• **Input data**
--- START ---

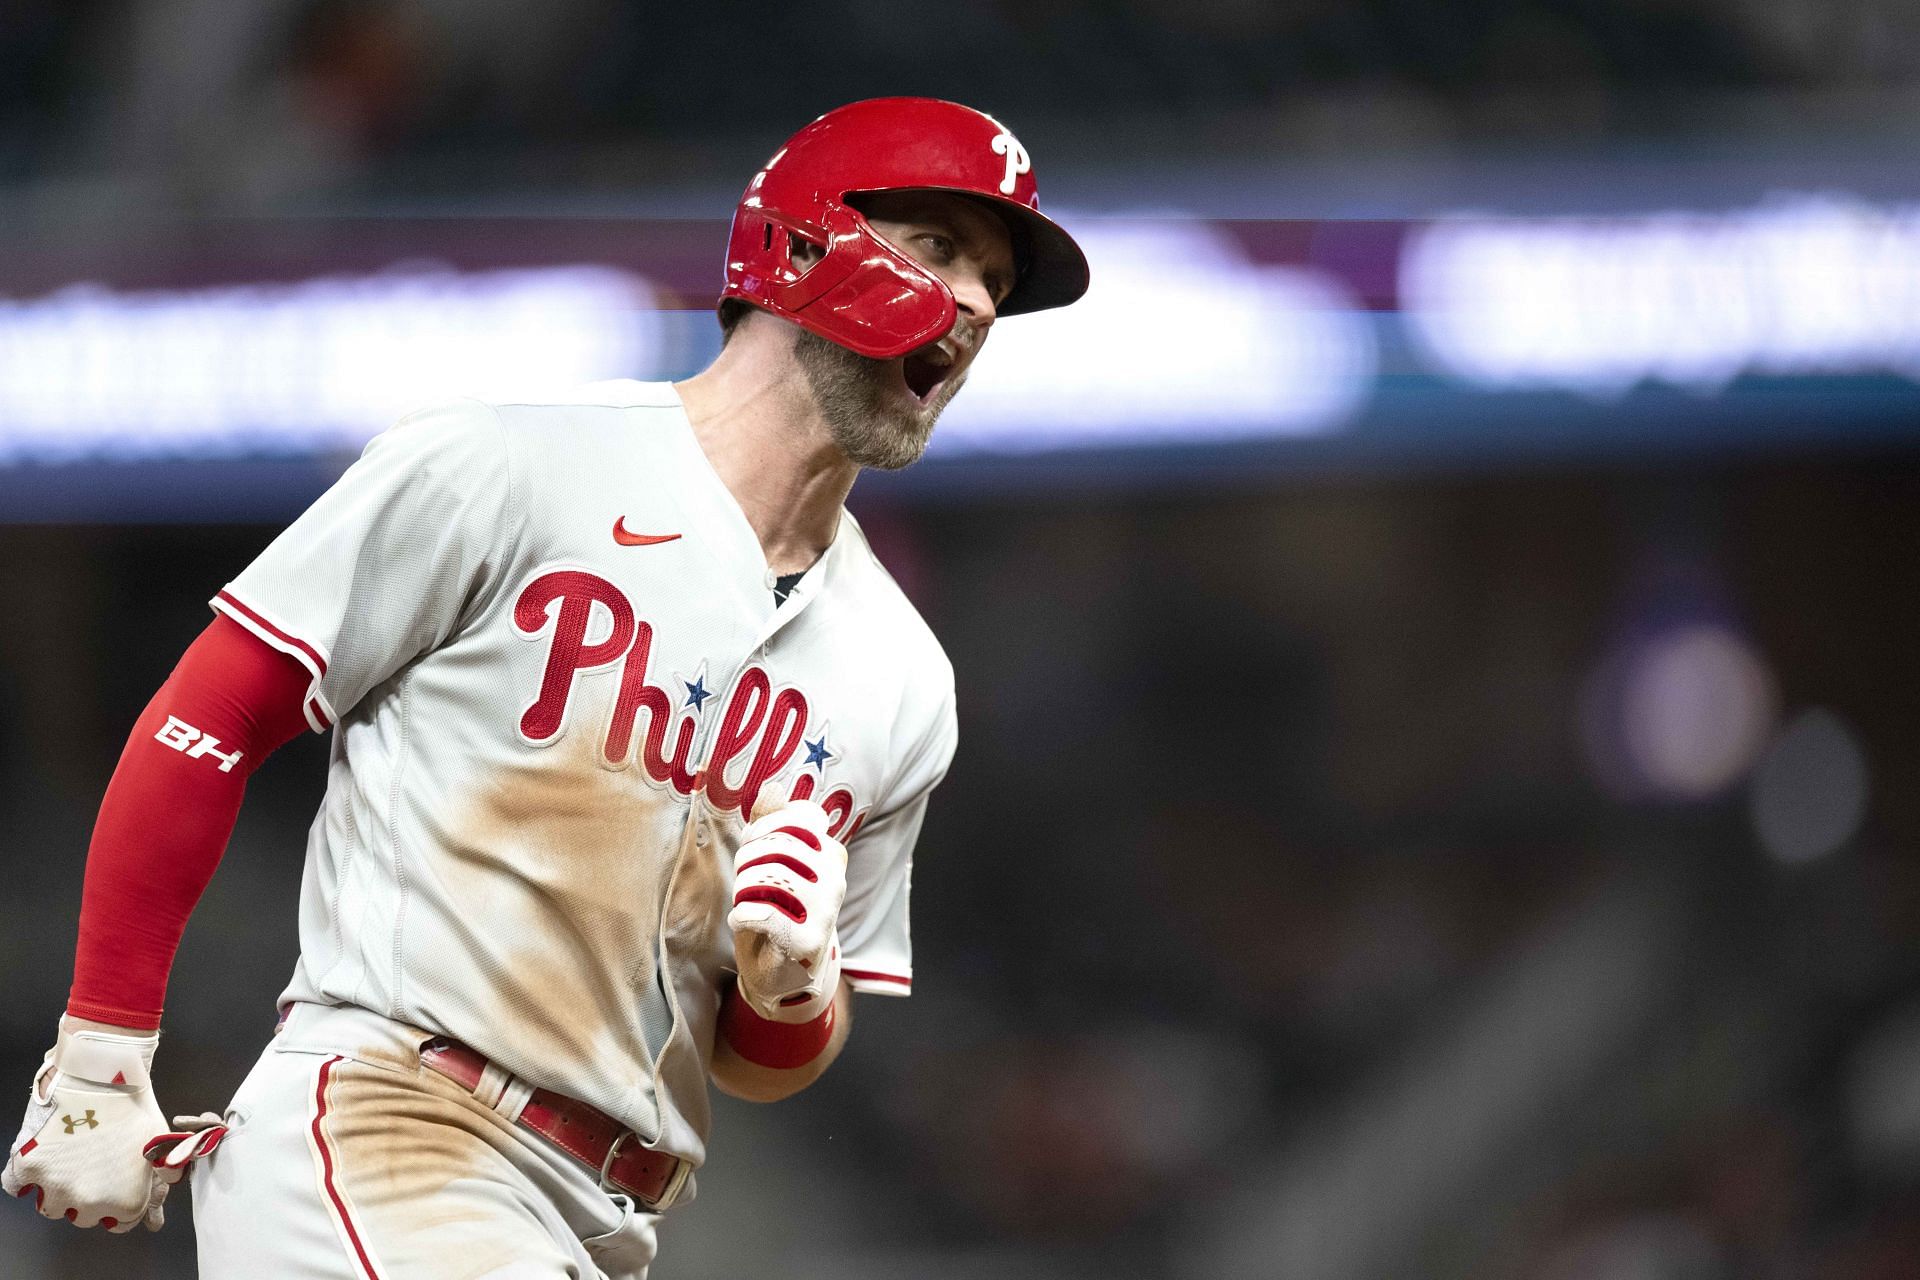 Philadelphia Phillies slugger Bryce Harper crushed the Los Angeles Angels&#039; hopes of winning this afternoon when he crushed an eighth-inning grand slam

--- END ---
--- START ---

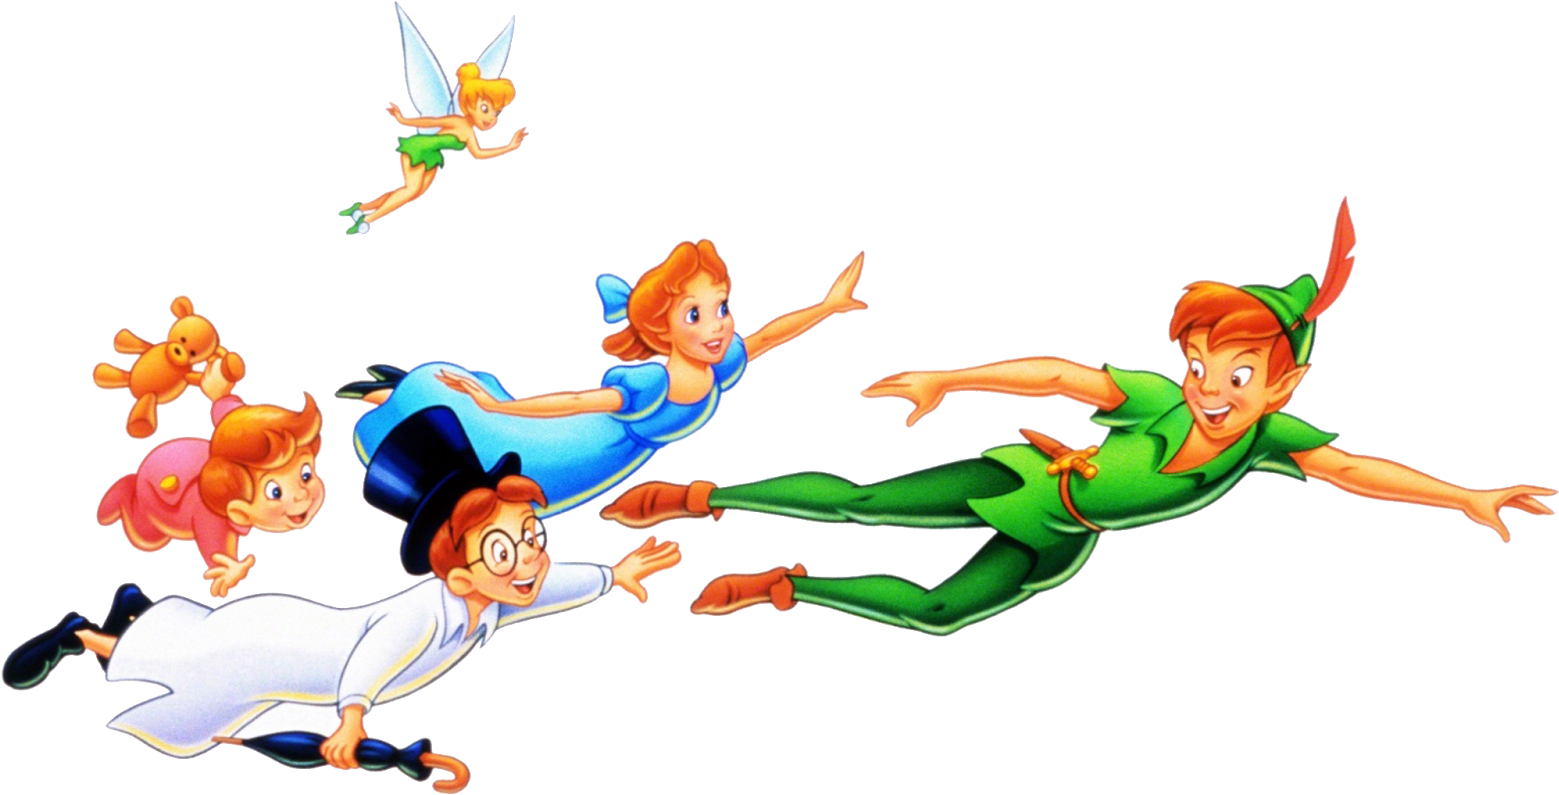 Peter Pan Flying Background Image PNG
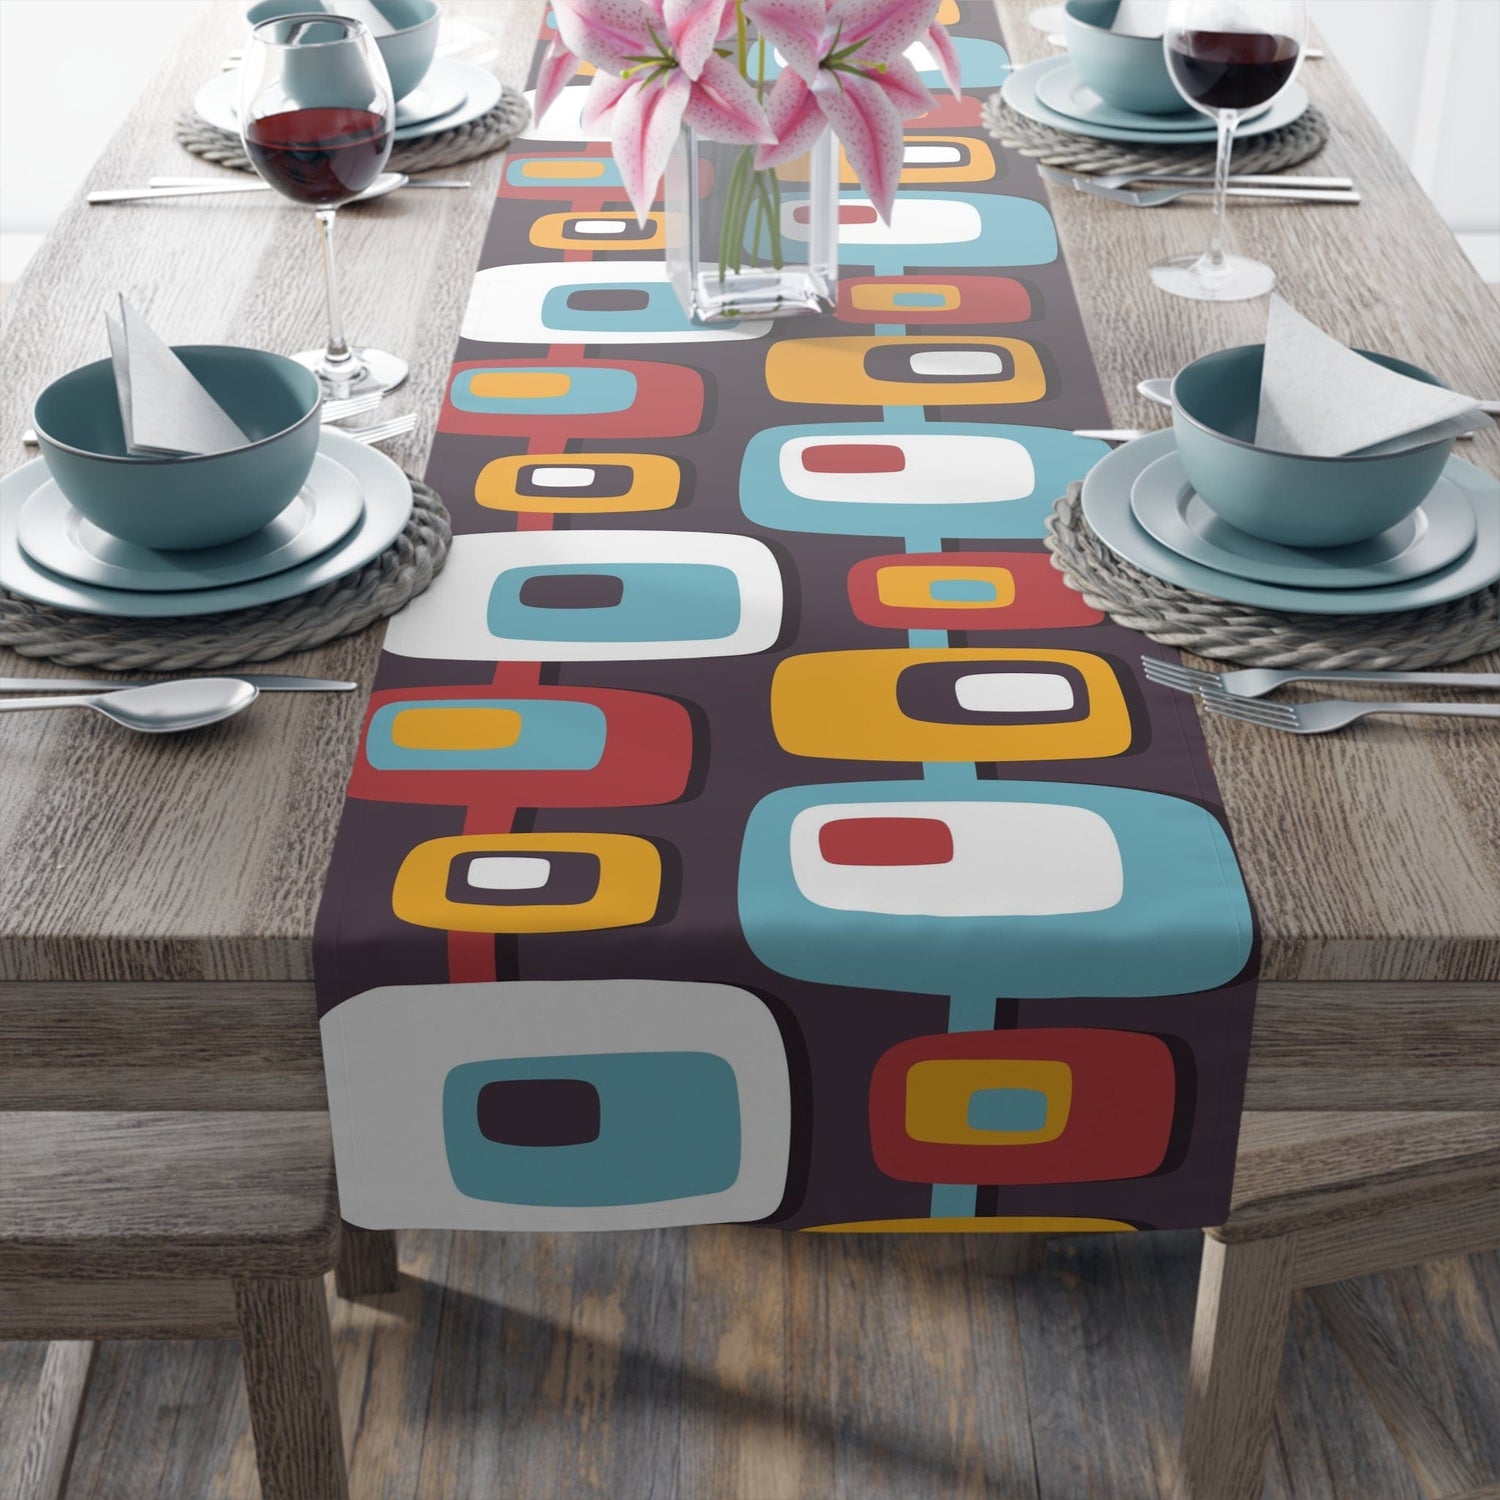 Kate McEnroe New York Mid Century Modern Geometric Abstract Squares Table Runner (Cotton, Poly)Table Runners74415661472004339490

--- END ---
--- START ---

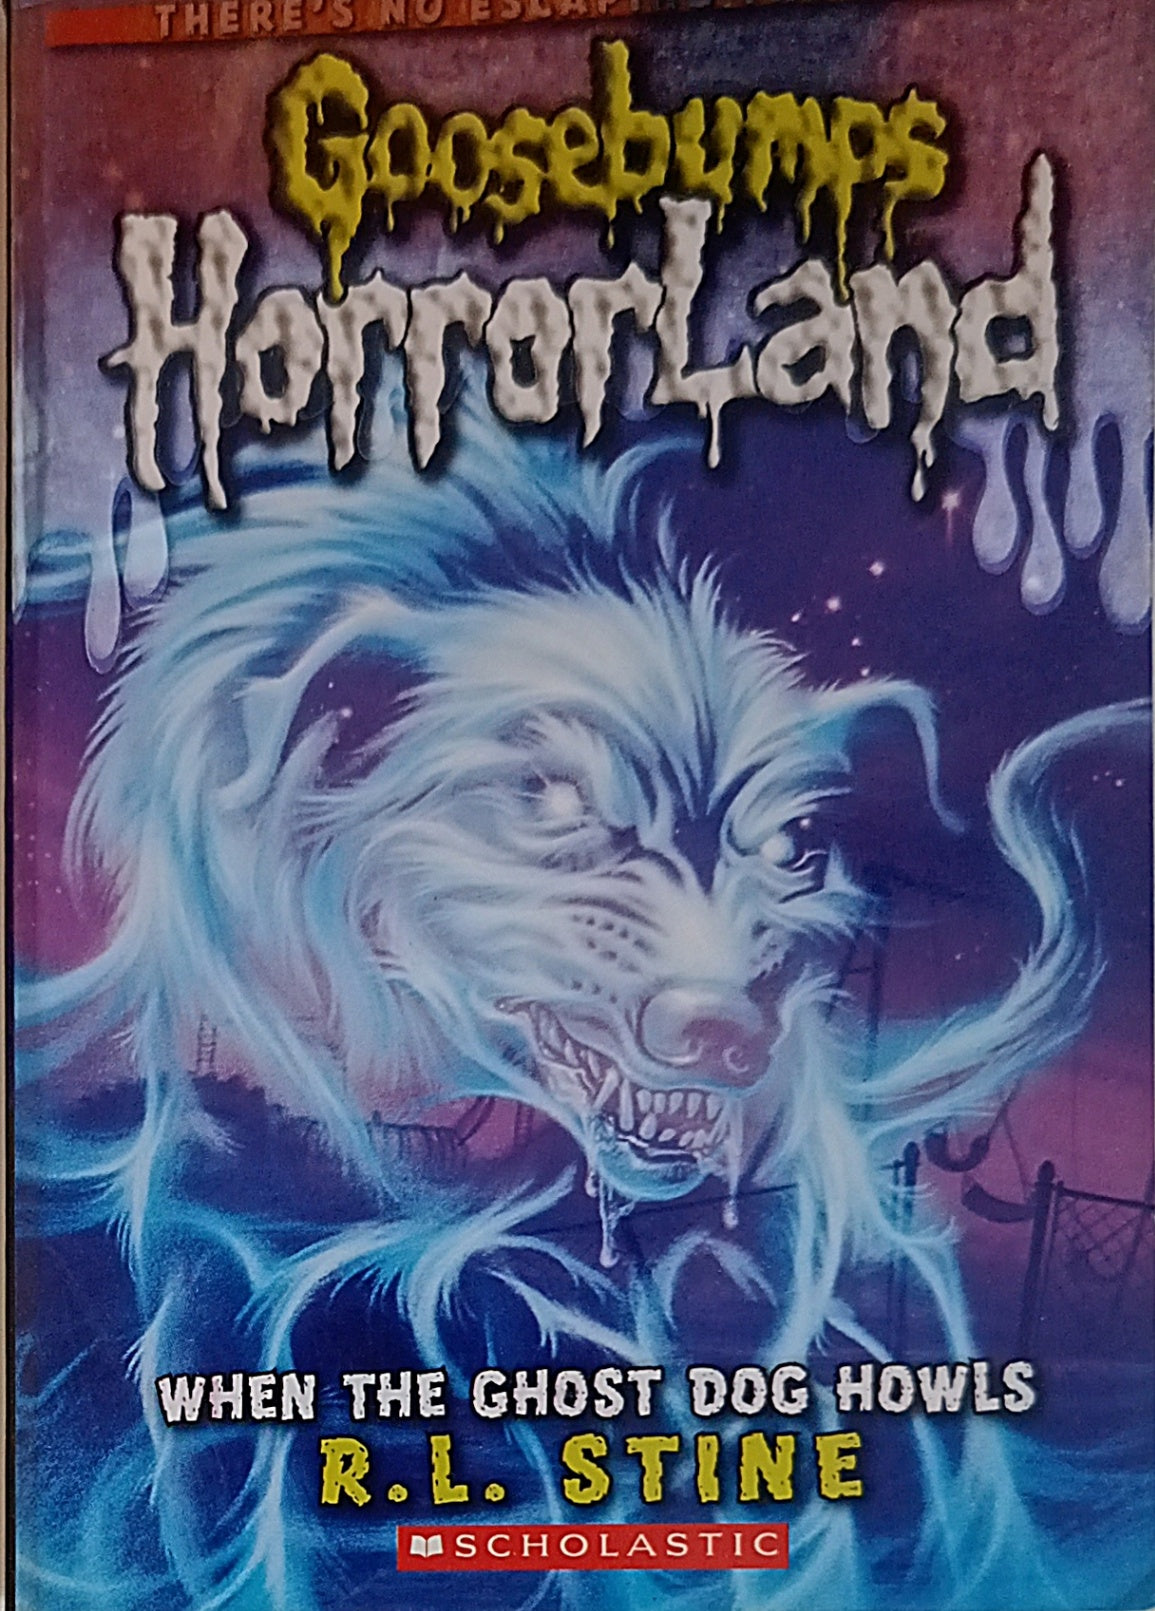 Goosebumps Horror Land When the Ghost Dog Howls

--- END ---

• **What is required**
Both boundary lines included, write out word for word only the lines above from the one containing "Peter Pan Flying Background Image PNG" to the one containing "Kate McEnroe New", leaving out any pictures.

• **Answer box**
 Peter Pan Flying Background Image PNG
 Kate McEnroe New York Mid Century Modern Geometric Abstract Squares Table Runner (Cotton, Poly)Table Runners74415661472004339490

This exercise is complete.